Our Crooked Hearts(27)
* * *
It was past two when we let ourselves into Billy’s place. The front hall smelled like pasta sauce and hewn wood and dog fur, but in a good, comforting way. Gremlin surged around our legs as we crept over the creaky floor, both of us laughing at nothing.
“Bill?” His dad’s voice came down from the dark.
Shit, Billy mouthed, and guided me gently into the kitchen. We stopped against the wall, looking up, his hands still on my shoulders. “Hey, Dad,” he called. His breath was sweet with cheap sugar.
“You’ve been out on the porch all this time?”
“Couldn’t sleep.” He didn’t quite lie, I noted. “I’ll be quiet.”
“All right.” A pause, then his dad started walking down the stairs. We widened our eyes at each other but Mr. Paxton stopped halfway, feet creaking at the level of our heads. “Don’t wake your sister when you come up. And try to go to bed a little earlier, this is getting ridiculous.”
“Okay,” Billy said. “Good night.”
We stood there for another small eternity, until we heard his dad’s door close. Billy took my hand and pressed it to his heart, so I could feel it racing. “Close,” he whispered.
We were standing face-to-face, the air snapping giddy between us. I felt this welling in my chest, like laughter but bigger, more painful. It felt momentous just lifting my eyes to meet his. Like an act of bravery. But I did it.
He hesitated, his saturated eyes on mine. Then he said my name.
And when he did it I got this flash. It was as swift and disorienting as the vision I’d had in my parents’ closet. In my ears his voice became two voices—one his own, one high and rough, a little boy’s; and his face was two faces—the one in front of me, and the one he’d worn when he was younger. The feeling it gave me was sweet and sharp and terrible and I jerked back, hitting the wall.

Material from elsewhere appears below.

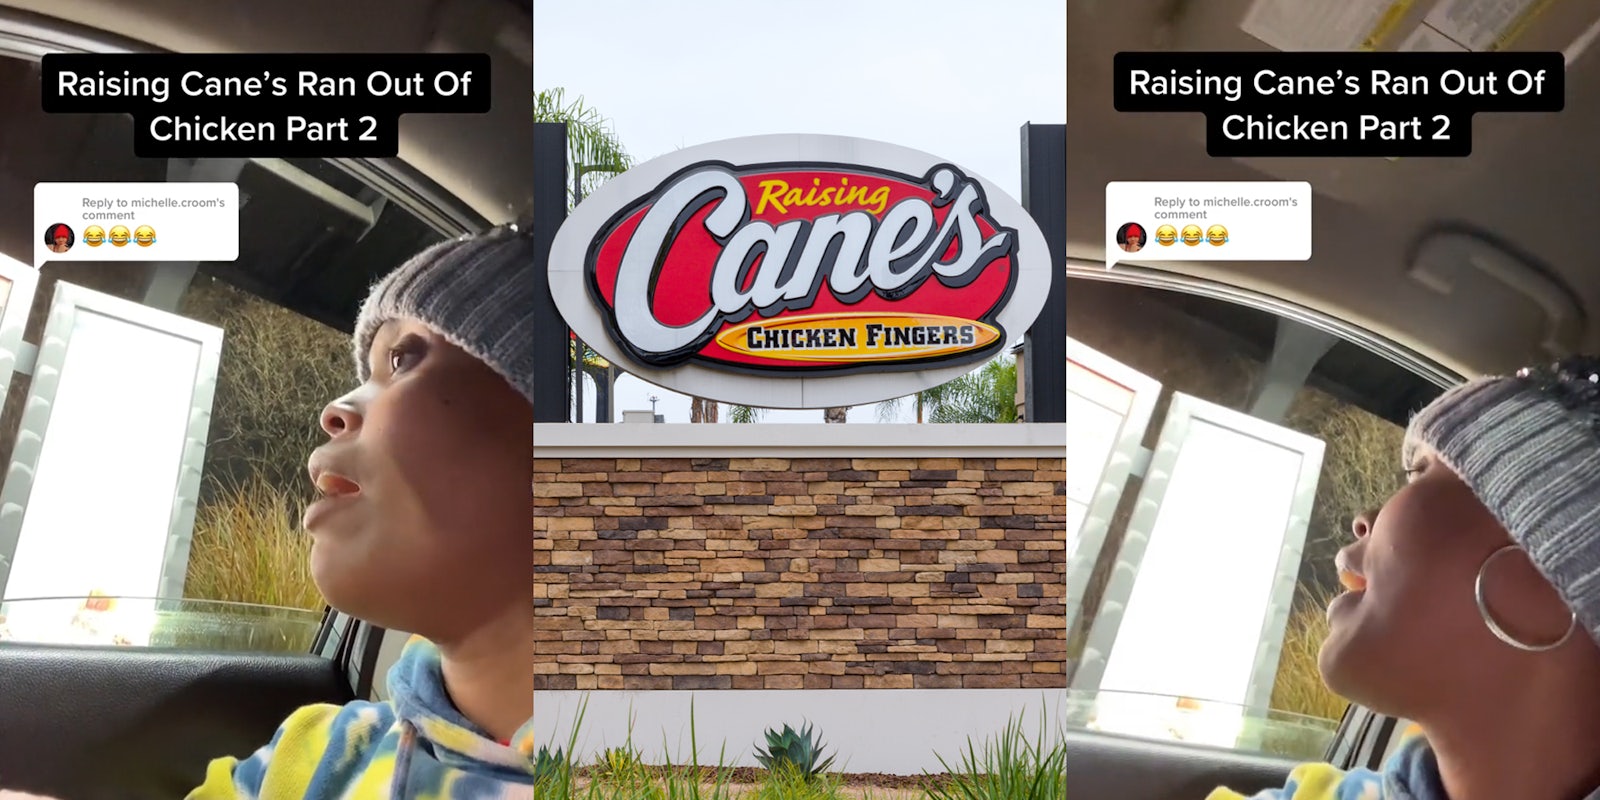 woman speaking at Raising Cane's drive thru caption 'Raising Cane's Ran Out Of Chicken Part 2' (l) Raising Cane's Chicken Fingers sign outside (c) woman speaking at Raising Cane's drive thru caption 'Raising Cane's Ran Out Of Chicken Part 2' (r)

“What is it?” he said. Not bothering now to whisper.
“Nothing.”
“You just jumped a mile.”
I was frantic suddenly to be alone, to think. “Yeah, no. I’m fine. I just. I’ve gotta go.”
He was on some precipice. I could see it. “Ivy,” he said again, so soft. “Please don’t do this.”
“Do what?” For no reason his words sent an ice cube down my spine. “What are you talking about? Why are you being weird?”
He stepped away from me, his face shocked clean. “Why am I being weird. Wow. That’s messed up. Actually, all of this is messed up. Why did I even try?”
Panic made me speak too sharply. “Is this still about me turning you down in junior high?”
“Turning me down,” Billy said, voice rising. “Is that how you’d describe it?”
Then he checked himself, glancing at the ceiling. “Look,” he said quietly. “I know we were kids. I know I should be over it. I am. But pretending none of it ever happened? That’s just so mean.”
I gaped at him. “Are you talking about the— Are you still talking about the—”
Billy glared at me, jaw ticked forward like he was trying not to cry. “You broke my heart, Ivy. You broke my fucking heart. And the worst part is you made your mom do it for you.”
The tile floor was dropping away from me. Smoky bites were being taken from the edges of my sight. “No,” I said, shaking my head. “No.”
He pressed his hands to his eyes, like he couldn’t stand to look at me. “Please just go. Okay? Just go.”
CHAPTER FIFTEEN
The city
Back then
Summer came and school let out and the city was our candy box. We bought mangoes on Devon and ate them by the lake. We swam in deep water off the ledge at Ohio Street, our mouths all sticky with coconut paletas. We went to so many shows our ears never had time to stop humming, so we walked around all the time in a mellow cocoon of damage.
And all that long, heat-sick season, we were magic.
When I remembered that summer later it was bright and dark, all my memories sun-drenched or cast in hard shadow. I was in love, with Fee and Marion and our city and the possibilities that hissed under our hands every time we gathered in a circle of three.
But in the other half of my life was my dad. His spine a column of crumbling discs, his bedside table a cache of orange pill bottles. By summer’s end I’d understand he was never going to be okay again. I think I knew I’d be an orphan soon. The knowledge was the black-eyed dog that followed me, nipping at my bike tires and curling up in the corners of my room. Magic was joy and power and control. It was the thunderclap that chased away, at least for a little while, that slinking dog.
Through everything Fee and I kept telling ourselves it was all just fun. Even as the spells we worked stained steadily darker. Even as the riskier magic we found in the occultist’s book—spells to distract, to mislead, to punish—rebounded on us with strobing headaches and a wrung-out famishment, and Fee started brewing a fermented tea that helped with the pain of blowback. Even then we told ourselves this drug we were living on, whose costs we couldn’t begin to reckon, was within our control.
Not Marion. She was a liar, but she didn’t lie to herself. From the very start she came to magic as an acolyte. Of the book, of the craft, and, most of all, of the dead occultist whose book it had been. Her name was Astrid Washington, and Marion talked about her like a girl with a crush.